A Pandemia e o Trabalho Missionário

Nestes dias de imensa incerteza, muito tem se falado e discutido sobre o futuro da obra missionária. Definitivamente, penso que é um assunto extremamente relevante e essencial, mas se ele estiver focado na ação missionária e não na Missão de Deus (Missio Dei) propriamente dita. A missão de Deus, apesar de muita gente querer insistir, não vai mudar. Certamente, a obra missionária como fazemos hoje, essa sim já mudou e vai continuar mudando. Não vejo mal nisso. Mudanças, para melhor, sempre são bem-vindas. 

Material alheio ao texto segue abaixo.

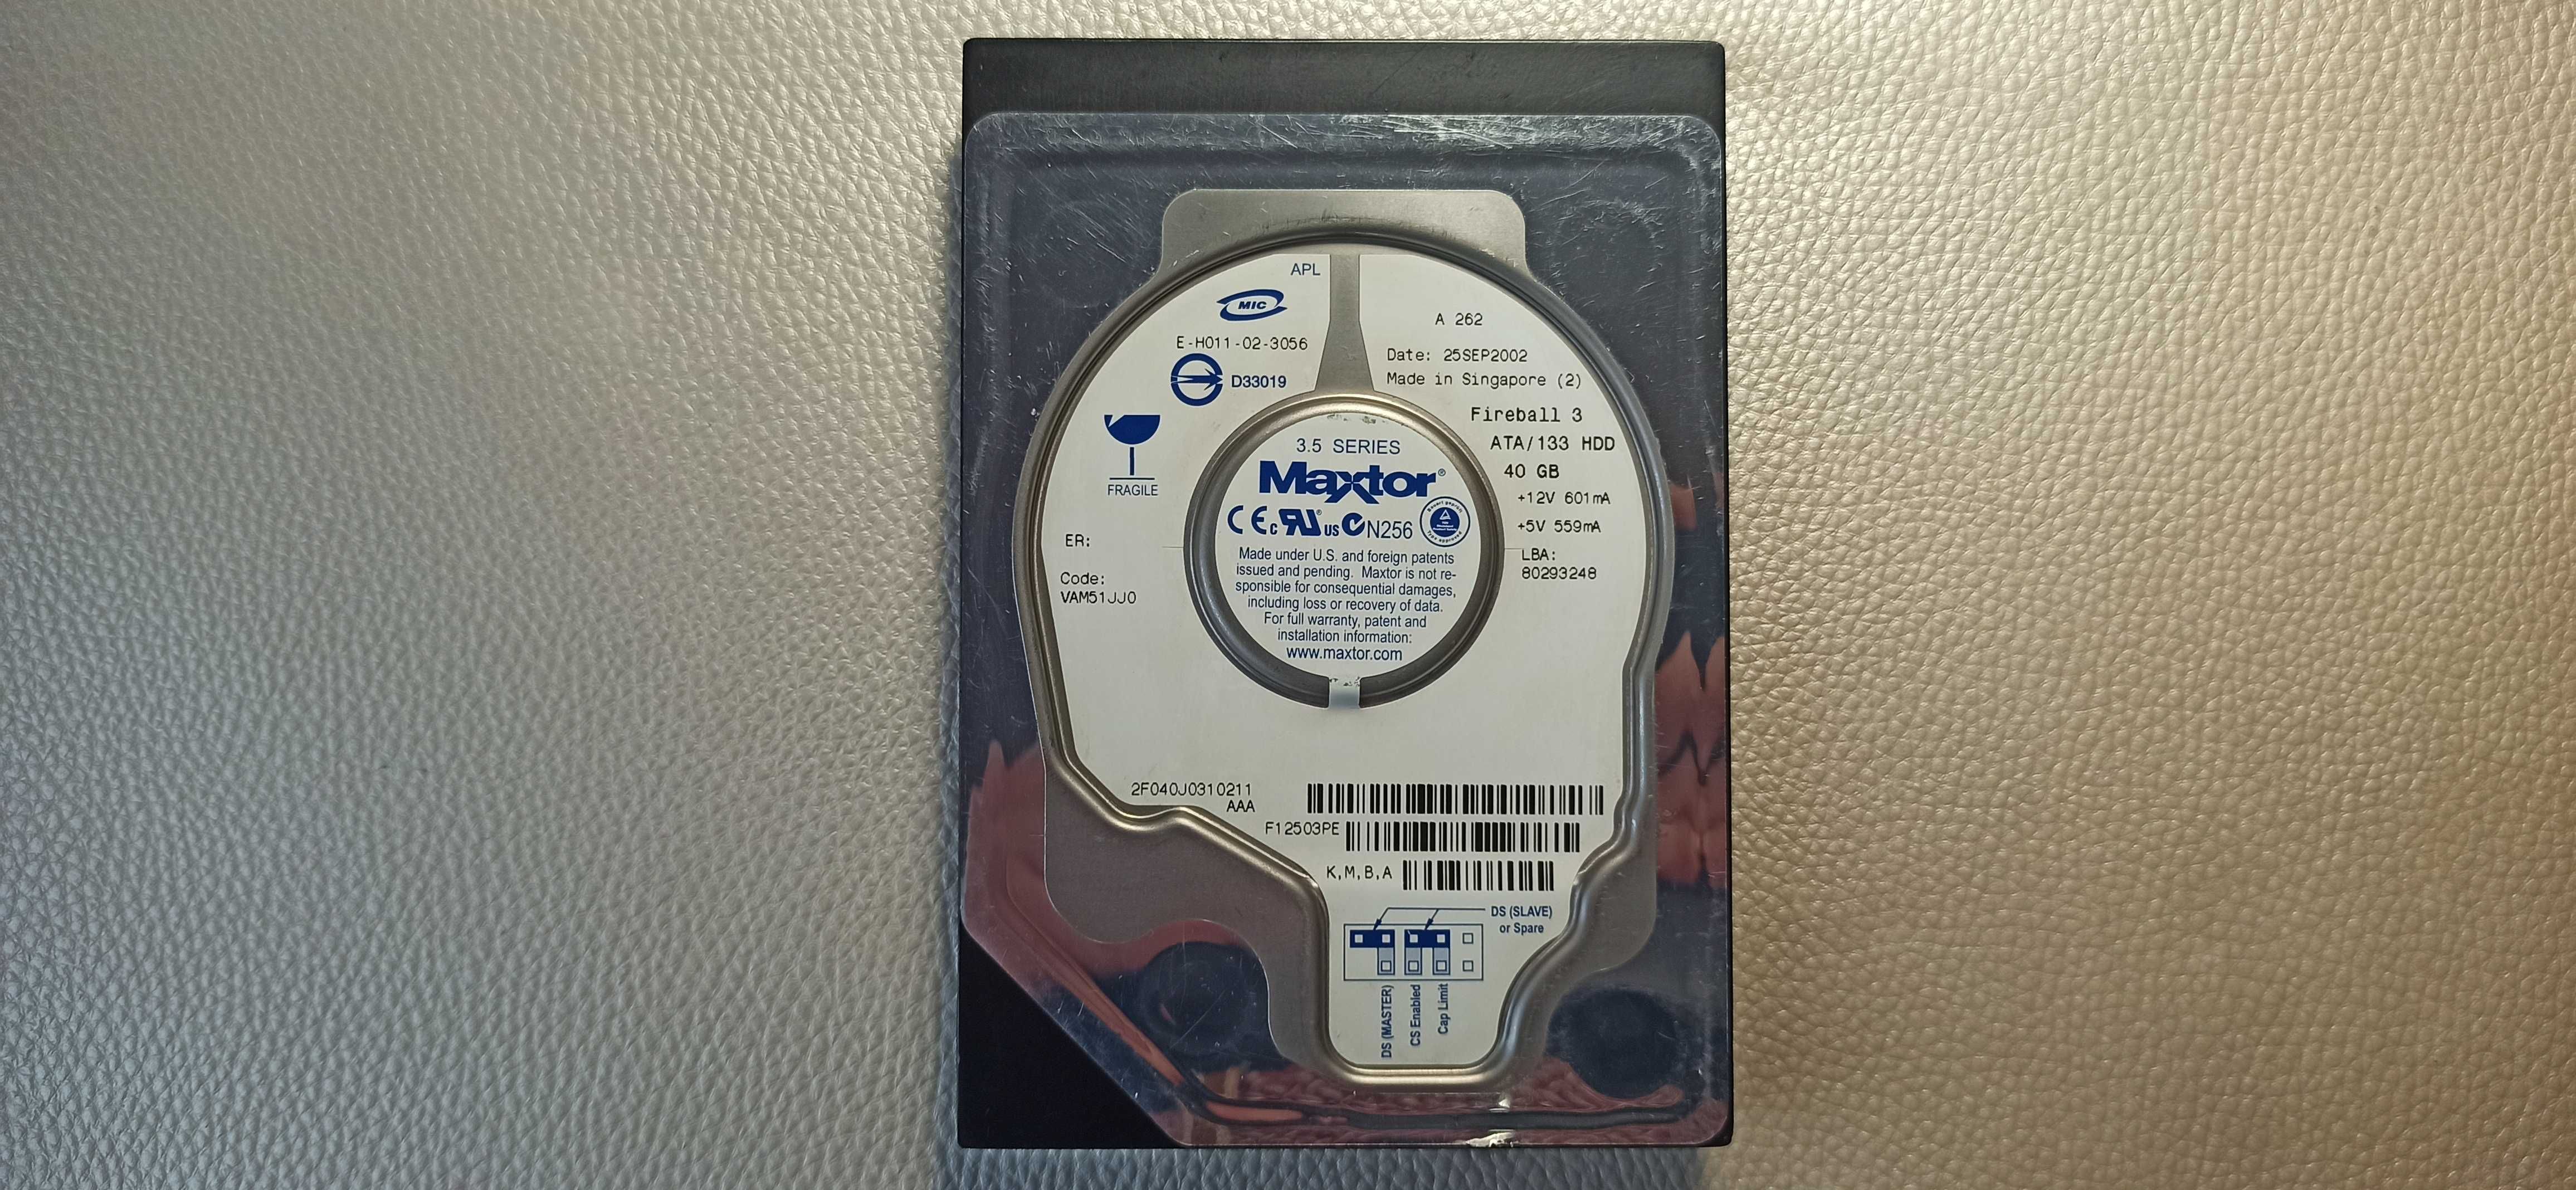 Dysk HDD Maxtor Fireball 3 40 GB ATA/133 sprawny

No meio de toda esta pandemia, uma coisa é certa: ganhamos tempo para pensar, refletir, analisar a situação em que estávamos, estamos e estaremos.

Ao longo dos anos, entendo que o movimento missionário brasileiro se tornou muito pragmático, o que não é necessariamente ruim. Mas, o pragmatismo pode provocar, em alguns casos, uma atitude de se desconsiderar a ação de Deus, baseando a nossa ação unicamente em nossos planos e metodologias. Por este ponto de vista, a pandemia nos forçou a parar e a perceber que os nossos planos, projetos e métodos não eram tão infalíveis. Muitos deles foram afetados em cheio com a chegada da pandemia e com a paralisação de muitas atividades que vínhamos desenvolvendo.

Eu não tenho ignorado os riscos que essa pandemia pode trazer à vida das pessoas e às nossas organizações. Quando fazemos uma pequena leitura do universo à nossa volta, percebemos dois grupos distintos. Um deles que minimiza os efeitos e resultados da COVID-19, achando que tudo voltará ao normal, e outro que maximiza os efeitos da pandemia, anunciando o caos ou, como vi recentemente, a usando a expressão “Era do Gelo Missionária” para prever os quadros mais graves.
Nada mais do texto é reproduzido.